These adjustments will increase the commit size of the inserts which will result in faster writes to some degree.
The bottom line is keep tablock on, test on the server. BDD is working.

Extract data with an OLE DB faster

Hi everyone I'm trying to extract a lot of records from a lot of joined tables and views using SSIS (OLE DB SOURCE) but it takes a huge time! the problem is due to the query because when I parsed it on sql server it takes more than hour ! Her's my ssis package design
I thought of paralleled extraction using two OLE DB source and merge join but it isn't recommended using it! besides it takes more time! Is there any way to help me please?
Writing the T-sql query with all the joins in the OLEDB source will always be faster than using different source and then using Merge Join IMHO. The reason is SSIS is memory Oriented architecture .It has to bring all the data from N different tables into its buffers and then filter it using Merge join and more over Merge Join is an asynchronous component(Semi Blocking) therefore it cannot use the same input buffer for its output .A new buffer is created and you may run out of memory if there are large number of rows extracted from the table.
Having said that there are few ways you can enhance the extraction performance using OLEDB source
1.Tune your SQL Query .Avoid using Select *
2.Check network bandwidth .You just cannot have faster throughput than your bandwidth supports.
3.All source adapters are asynchronous .The speed of an SSIS Source is not about how fast your query runs .It's about how fast the data is retrieved .
As others have suggested above ,you should show us the query and also the time it is taking to retireve the data else these are just few optimization technique which can make the extraction faster
Thank you for posting a screen shot of your data flow. I doubt whether the slowness you encounter is truly the fault of the OLE DB Source component.
Instead, you have 3 asynchronous components that result in a 2 full blocks of your data flow and one that's partially blocking (AGG, SRT, MRJ).
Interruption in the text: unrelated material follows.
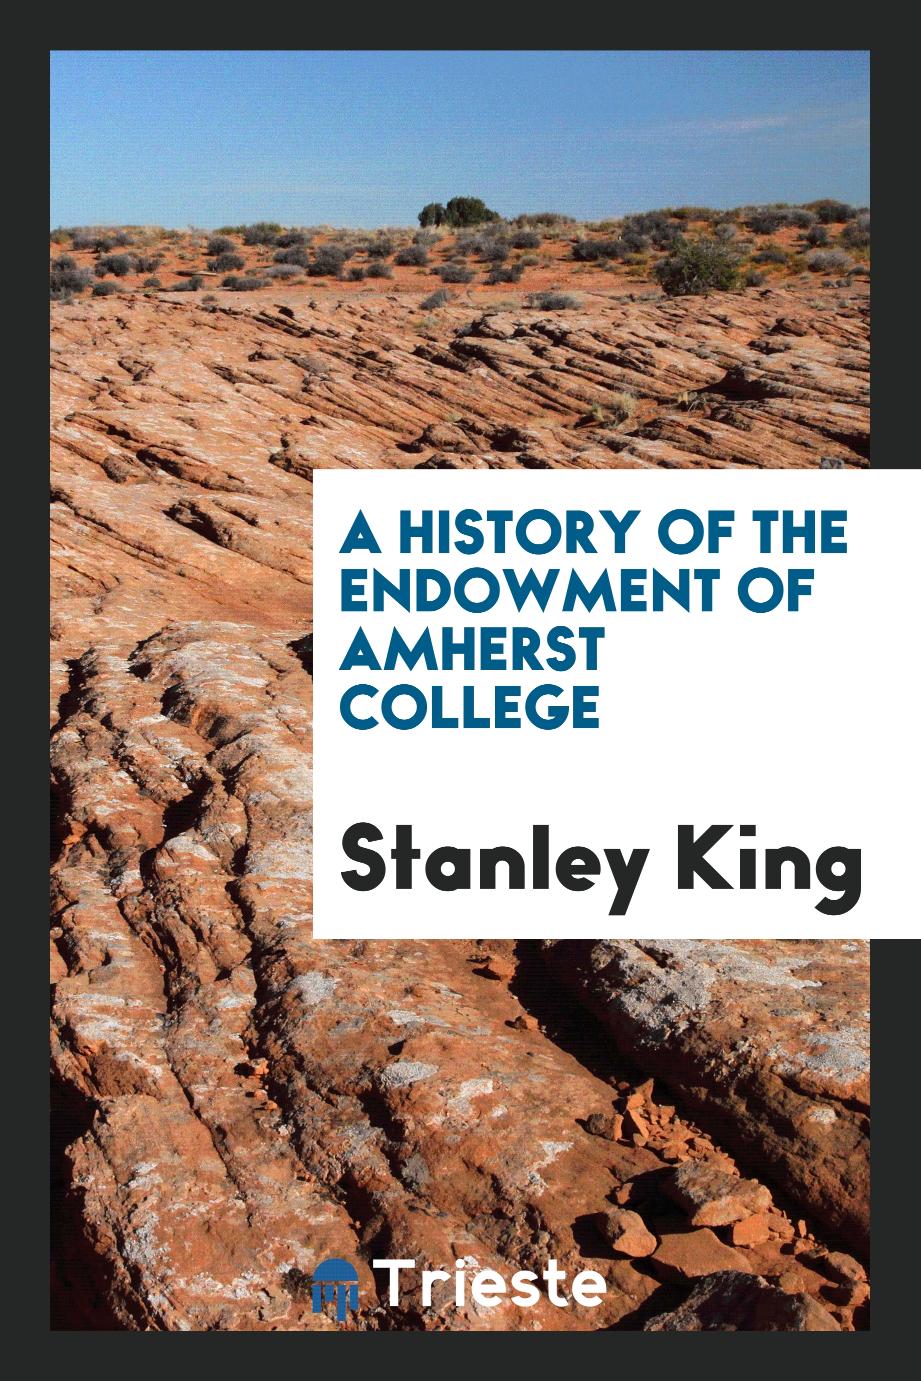 Stanley King - A history of the endowment of Amherst College

That first aggregate will have to wait for all 500k rows to arrive before it can finish the aggregate and then pass it along to the sort.
These transformations also result in fragmented memory. Normally, a memory buffer is filled with data and visits each component in a data flow. Any changes happen directly to that address space and the engine can parallelize operations if it can determine step 2 is modifying field X and step 3 is modifying Y. The async components are going to cause data to be copied from one space to another. This is a double slow down. The first is the physical act of copying data from address space 0x01 to 0xFA or something. The second is that it reduces the available amount of memory for the dtexec process. No longer can SSIS play with all N gigs of memory. Instead, you'll have quartered your memory and after each async is done, that memory partition is just left there until the data flow completes.
If you want this run better, you'll need to fix your query. It may result in your aggregated data being materialized into a staging table or all in one big honkin' query.
Open a new question and provide insight into the data structures, indexes, data volumes, the query itself and preferably the query plan - estimated or actual. If you need help identifying these things, there are plenty of helpful folks here that can help you through the process.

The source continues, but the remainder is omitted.